» **DATASET EXCERPT**:
--- START ---

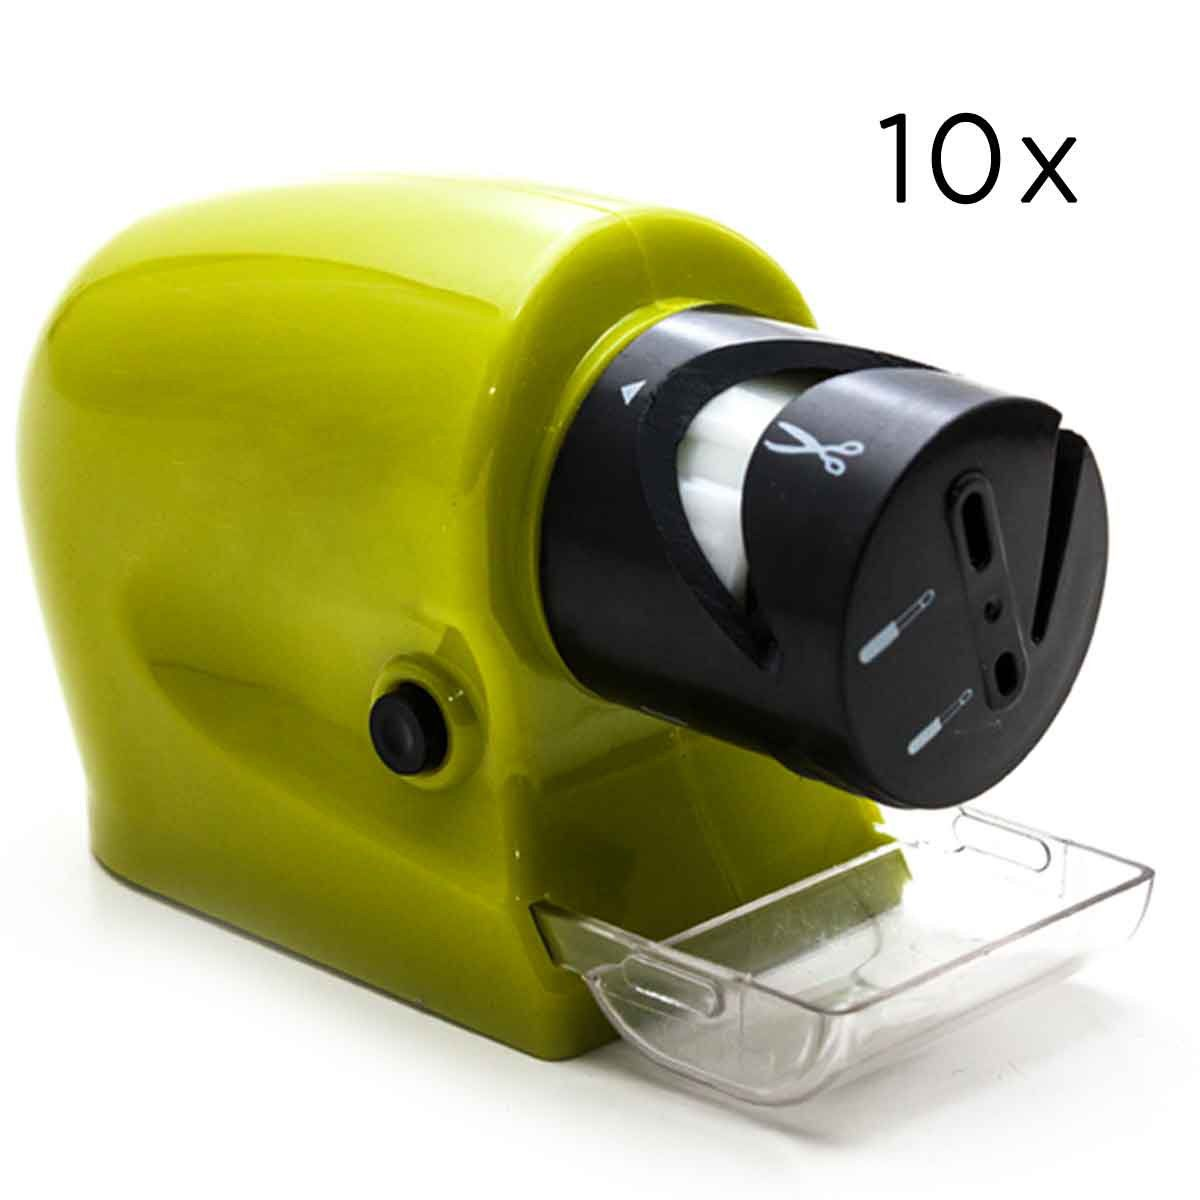 Kit 10 Amolador Afiador Portátil Tesouras Facas Ferramentas Alicate
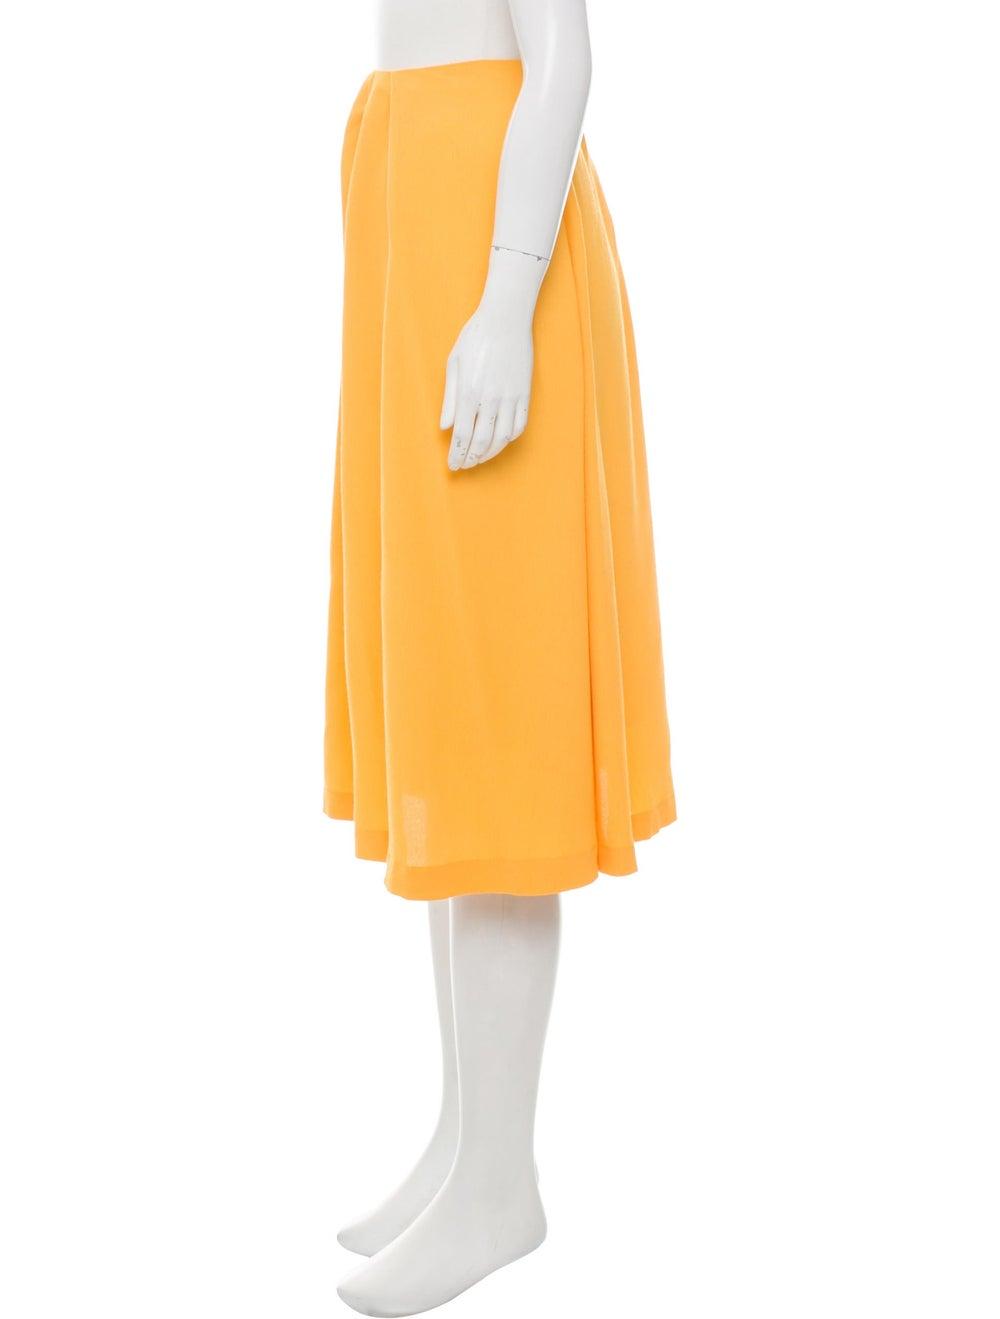 Marimekko Pleated Knee-Length Skirt Yellow - image 2
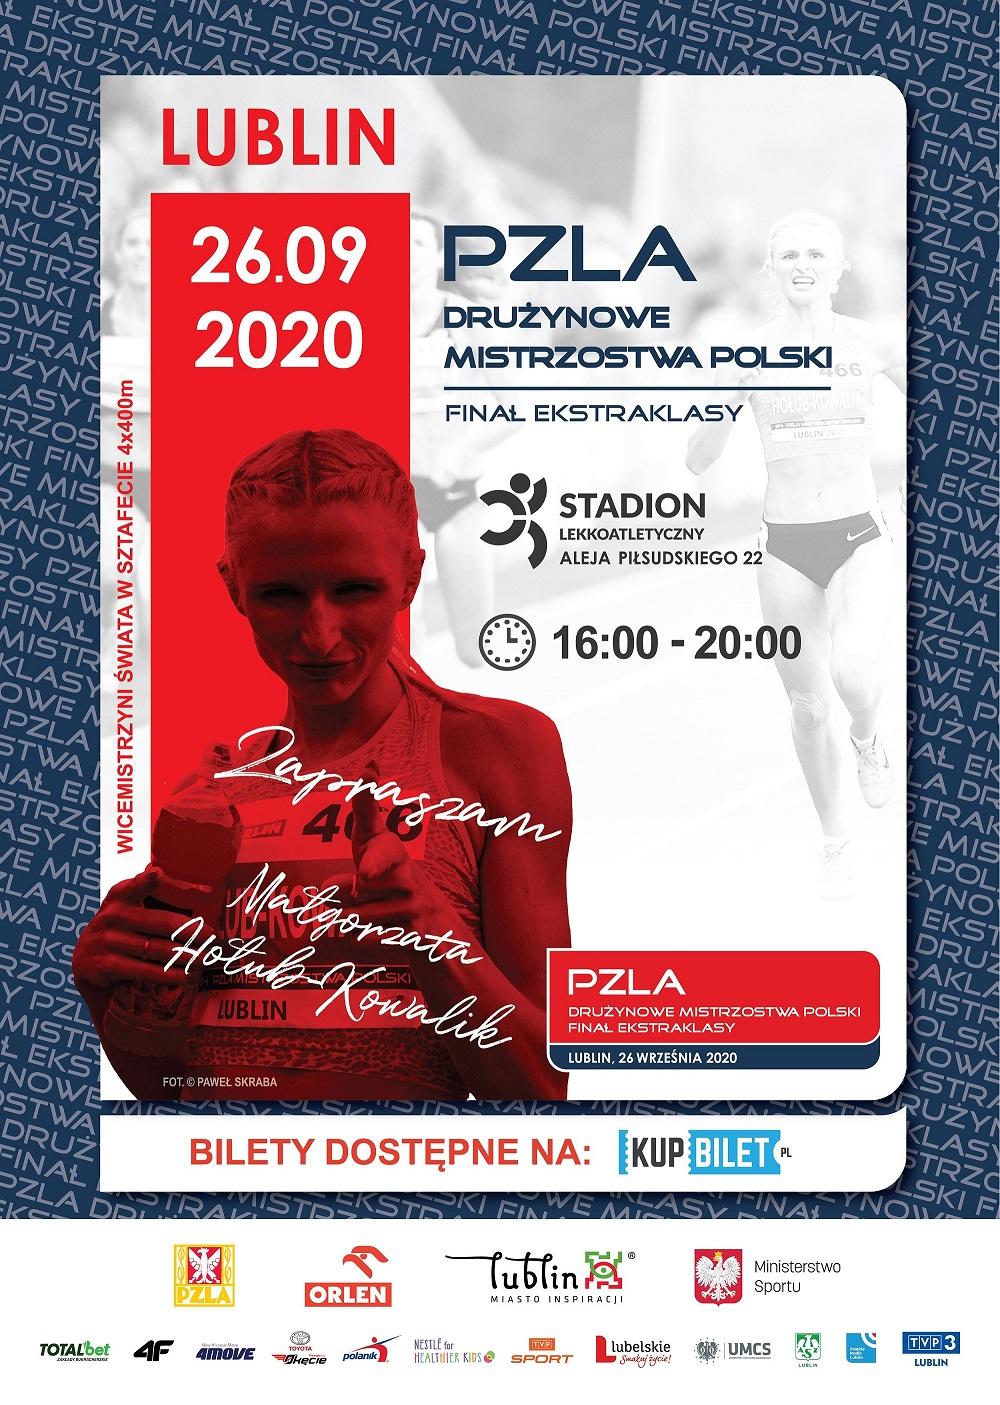 Lublin2020
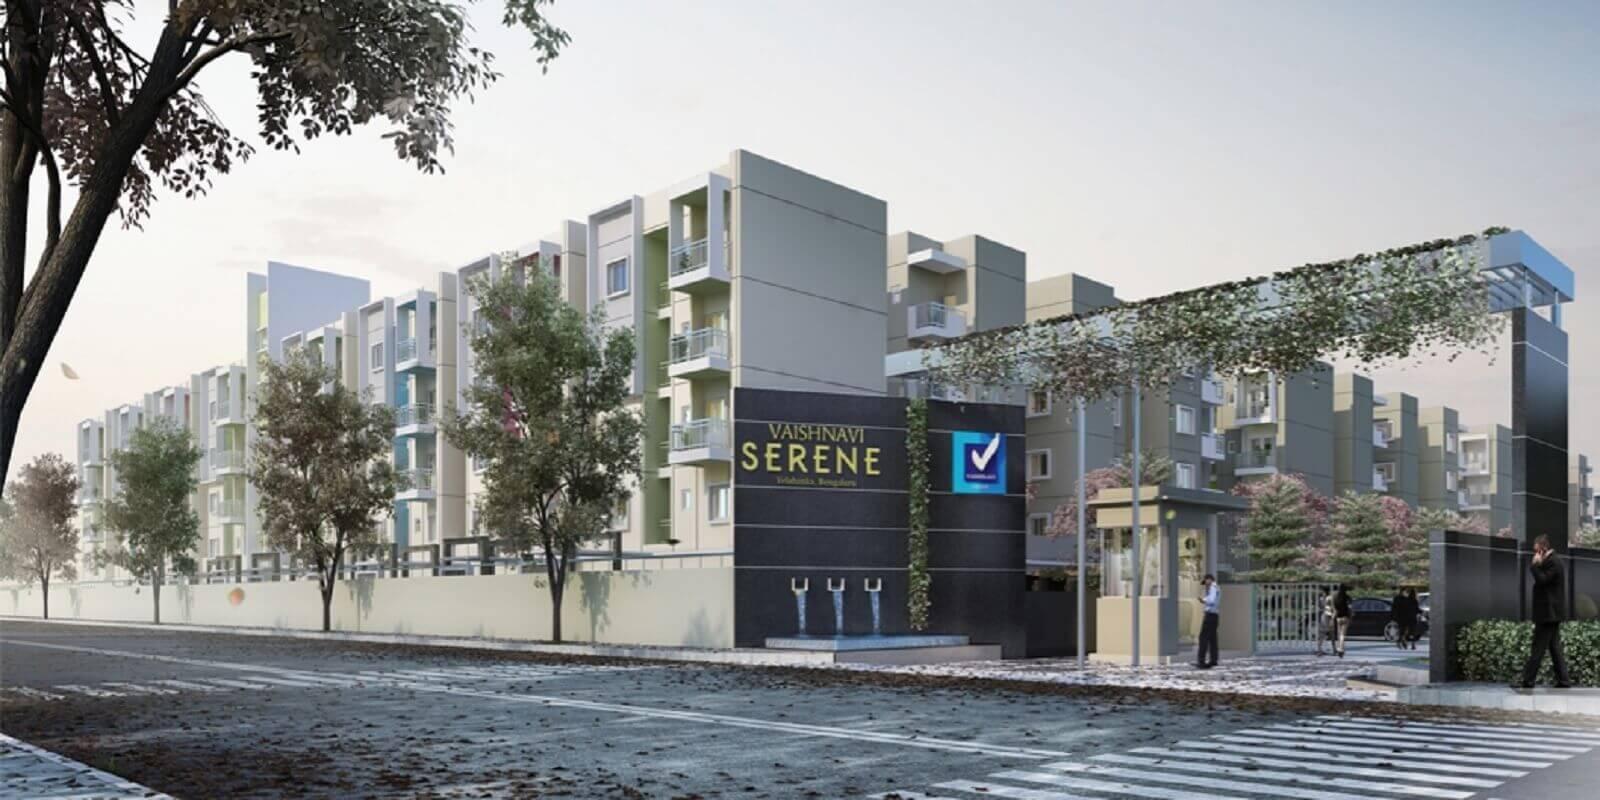 vaishnavi serene project large image1

--- END ---

» **EXERCISE OBJECTIVE**:
What you return must match the data above exactly, with no images included.

» **RESPONSE AREA**:
 Kit 10 Amolador Afiador Portátil Tesouras Facas Ferramentas Alicate
 Marimekko Pleated Knee-Length Skirt Yellow - image 2
 Lublin2020
 vaishnavi serene project large image1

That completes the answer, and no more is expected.